May 23, 2019
LONDON (Reuters) – Credit rating agencies Fitch and S&P have downgraded Thomas Cook after the travel firm’s latest profit warning, saying the indebted company could struggle this summer in the face of weak demand.
Thomas Cook issued its third profit warning in less than a year last week, saying subdued demand had led to increased promotions and earlier discounting than usual. The profit warning led Citi to cut its price target for the stock to zero.
The company has put its airline up for sale and also agreed a 300 million pound ($379 million) bank facility to provide more liquidity for the 2019/20 winter season.
“The downgrade reflects the tight liquidity we expect TCG (Thomas Cook Group) to face toward the end of 2019 should it not sell its airline division or be able to draw on the planned GBP300 million senior secured facility,” Fitch said as it cut Thomas Cook’s rating to CCC+ from B.
“We expect EBIT (earnings before interest and tax) and profitability to be lower than our previous forecasts as the company faces lower bookings in its main markets, continuing fierce competition and Brexit uncertainty.”
S&P downgraded its rating on Thomas Cook to CCC+ from B-, citing risks from the soft market conditions and uncertainty over the sale price of the airline unit.
Last week Thomas Cook said it had received multiple bids to take over all or parts of its airline business. The company declined to comment on the credit ratings downgrades.

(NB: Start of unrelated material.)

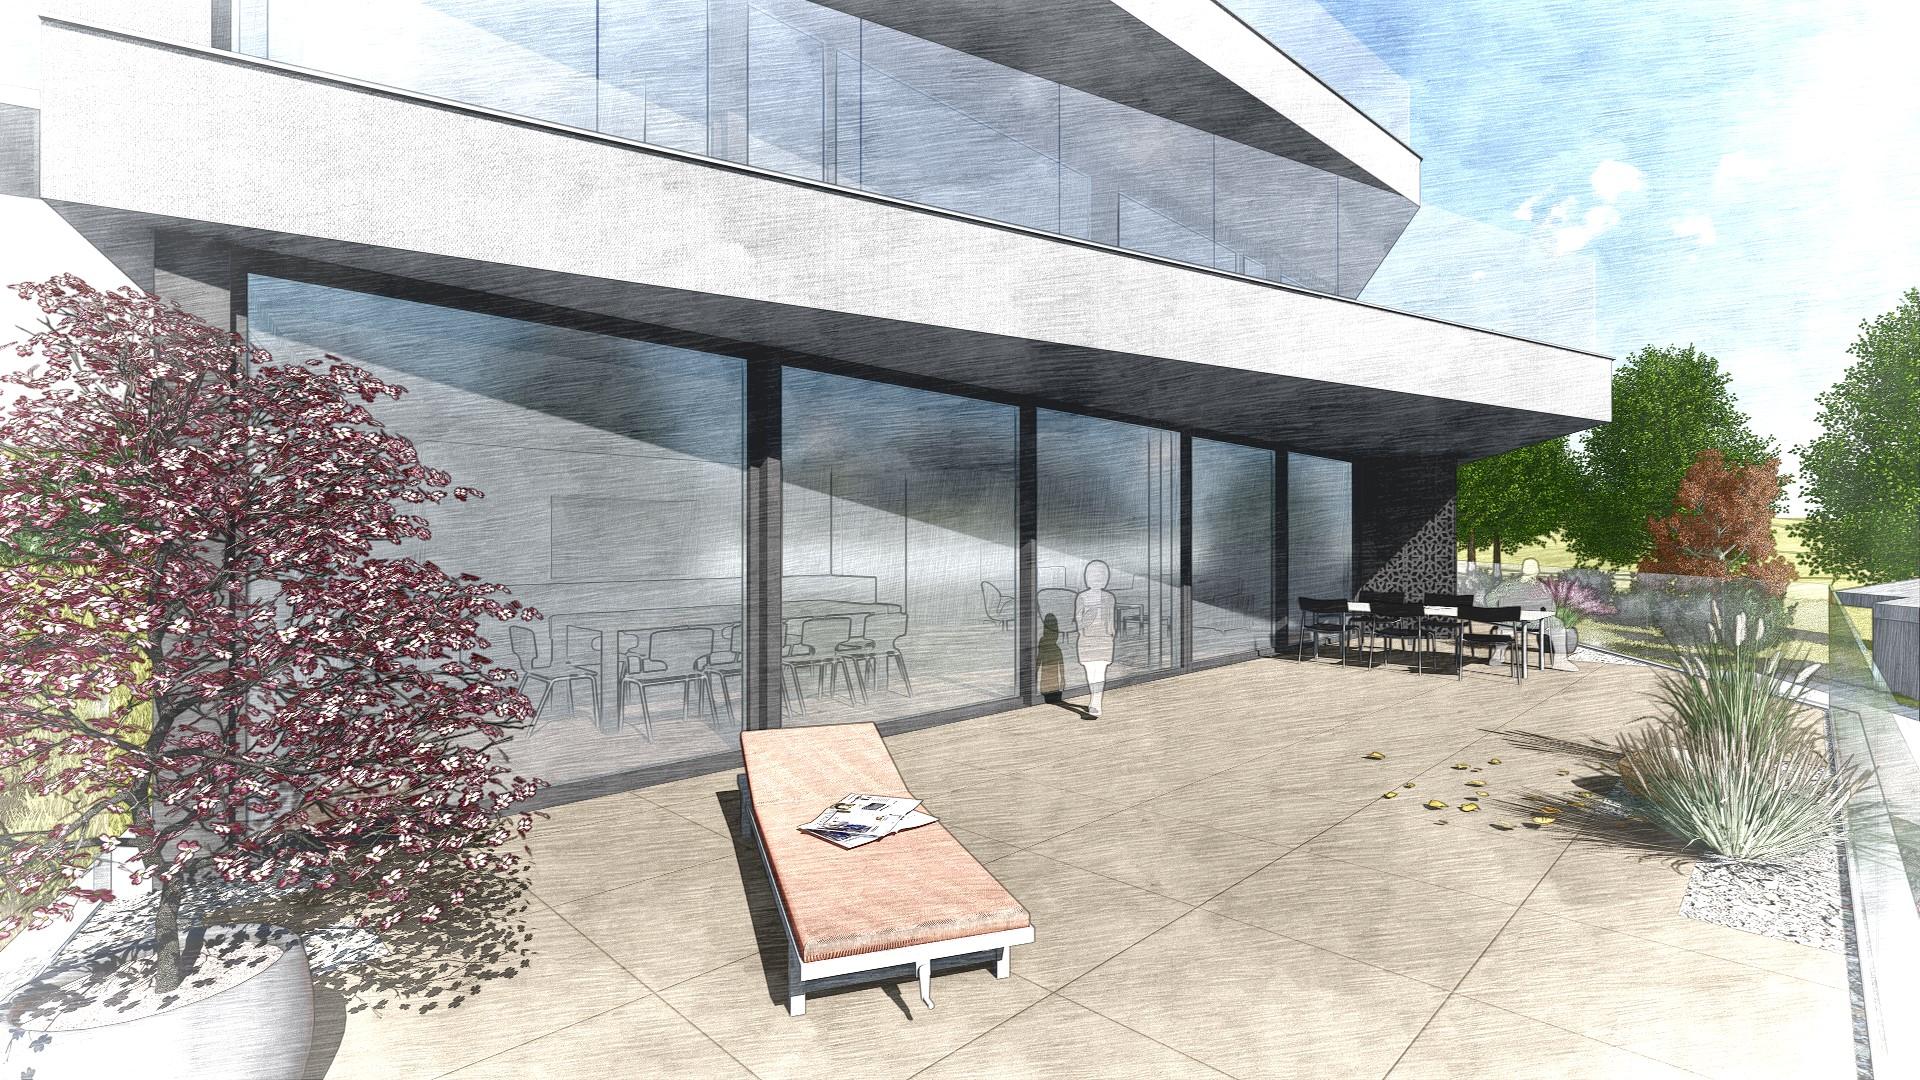 MO-Architektur-Uznach-Linthgebiet-Ostschweiz-Terrassenhaus-Männedorf-Aussenansicht Islerenweg_23
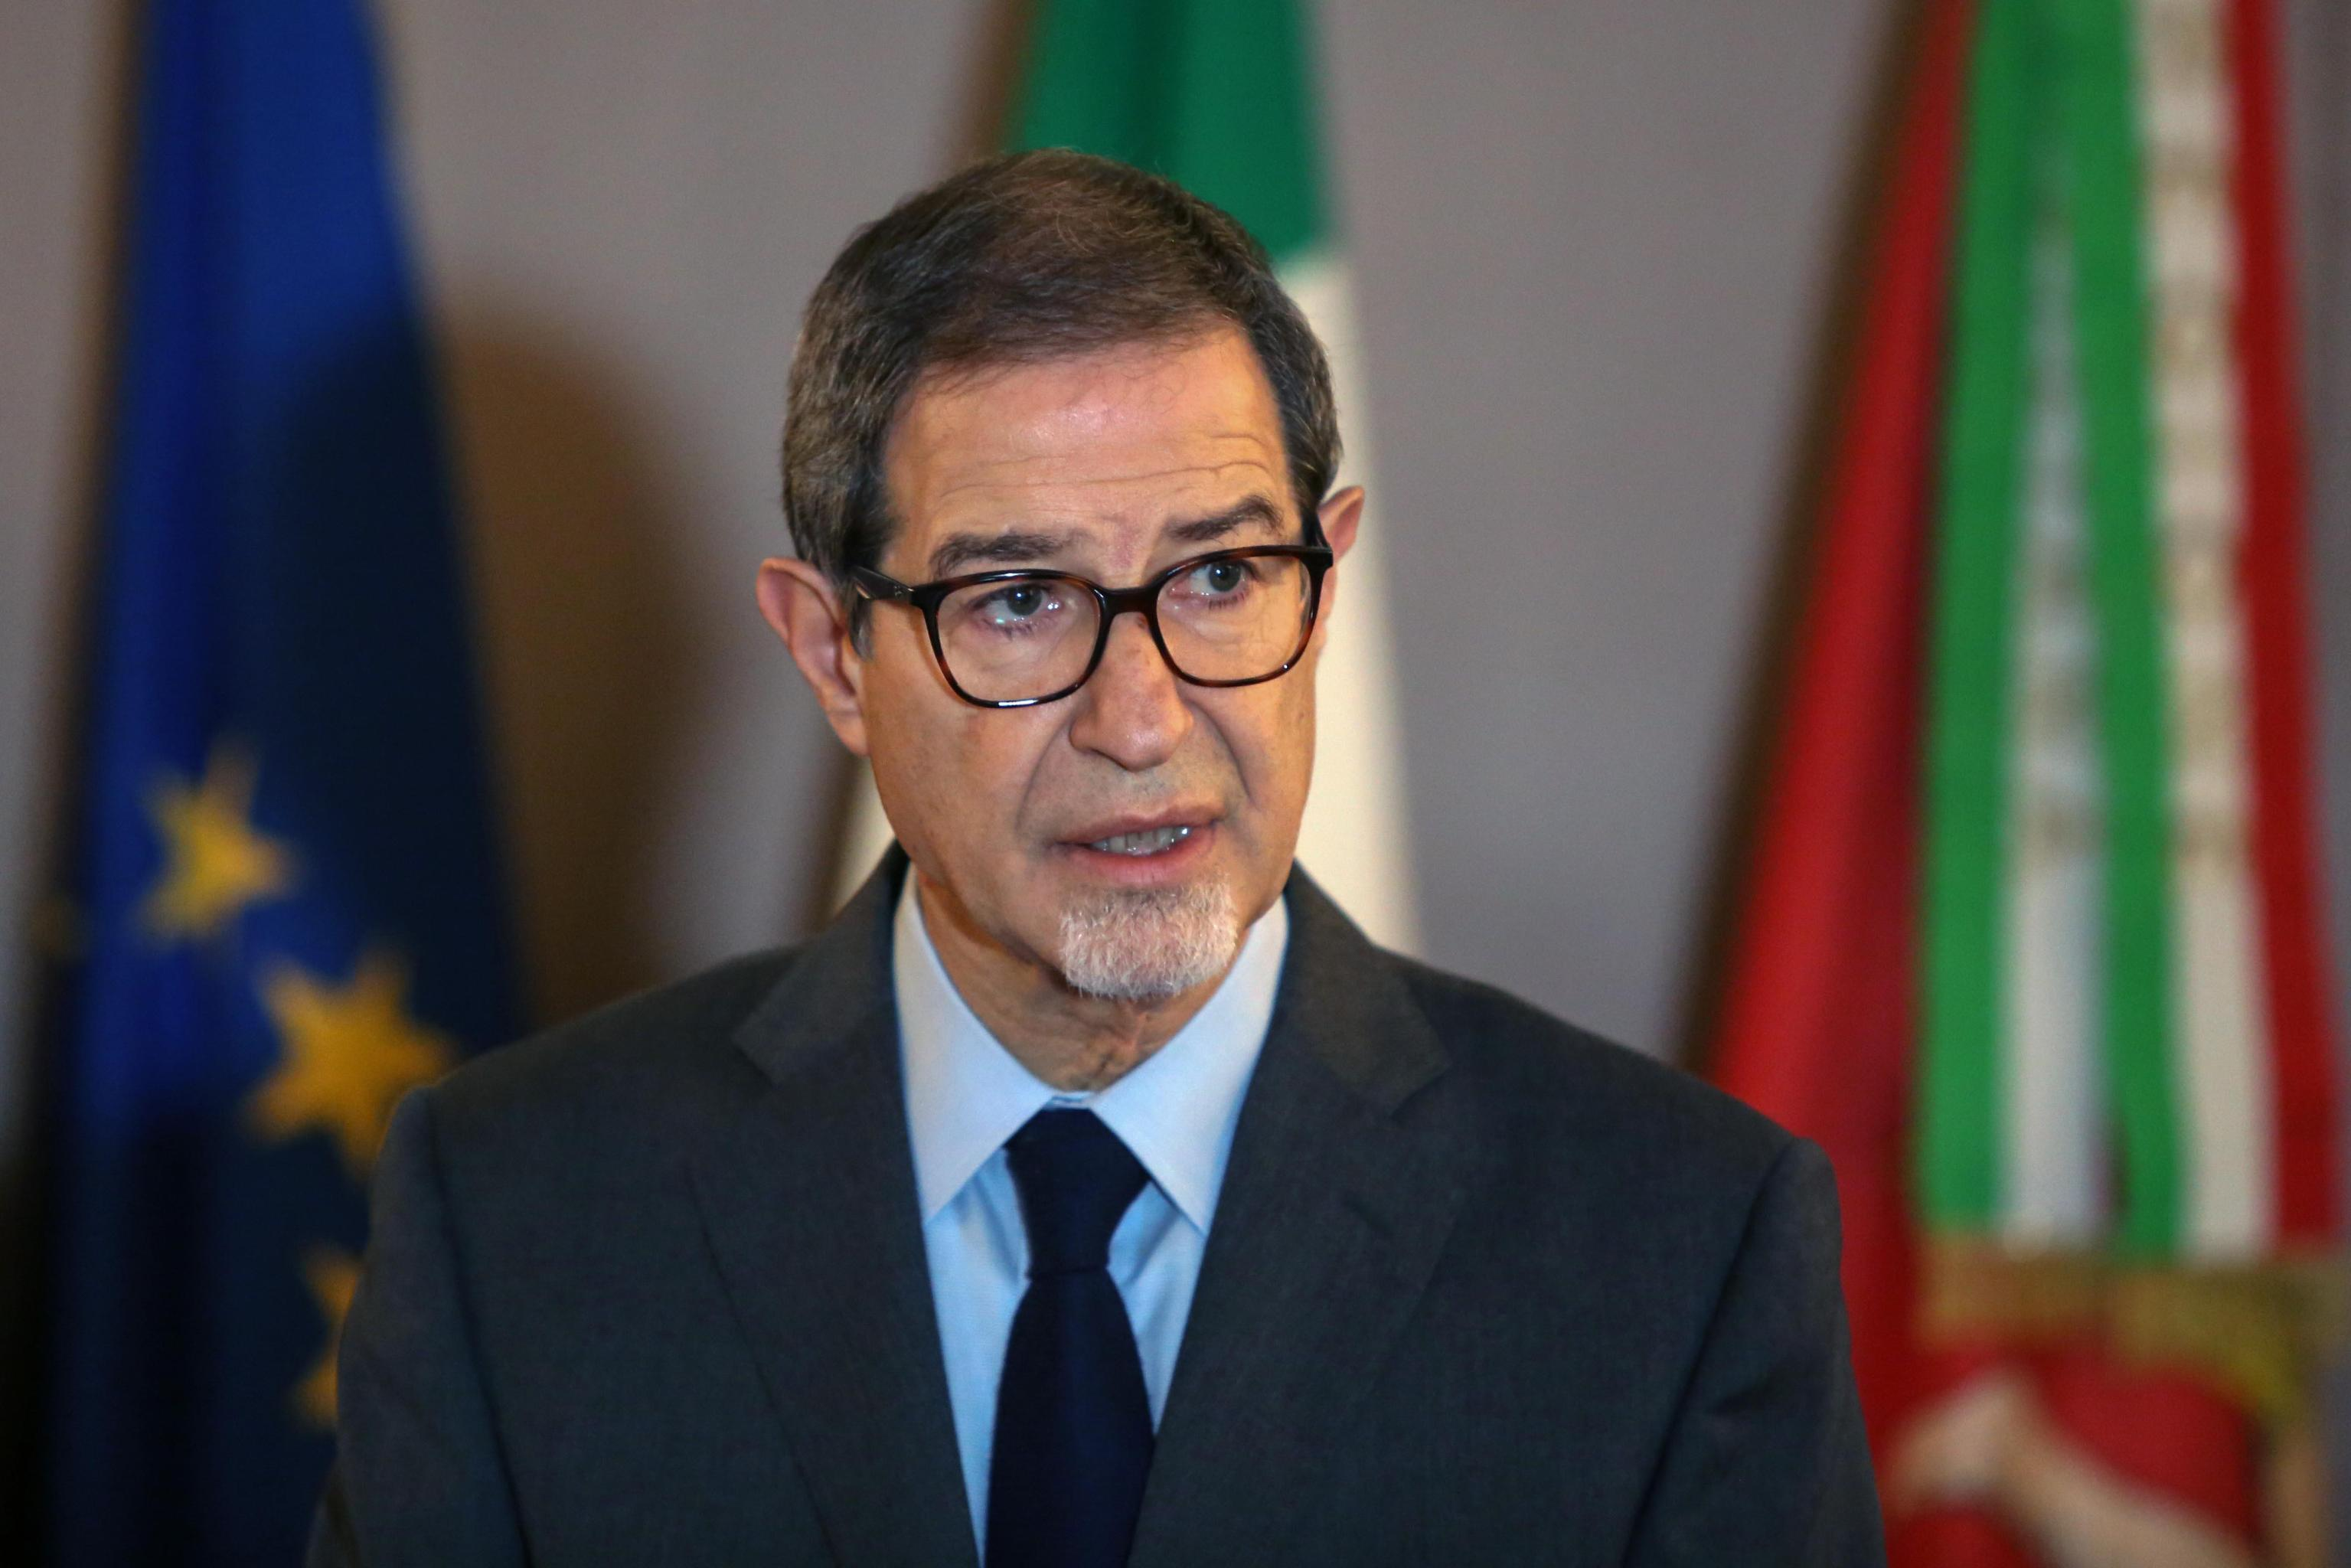 """Sicilia, l'annuncio del governatore Musumeci: """"Siracusa avrà un nuovo  ospedale"""" - Gazzetta del Sud"""

Shares in Thomas Cook were down 6% at 0854 GMT, with other travel and leisure stocks also lower.
The yield on Thomas Cook euro-denominated bonds that mature in 2022 rose <, but remained below Monday’s all-time high.
The stock is up 37% since hitting 8.33 pence on Monday, its lowest since November 2011, as the company has sought to reassure travelers that their holidays are safe in the wake of the profit warning.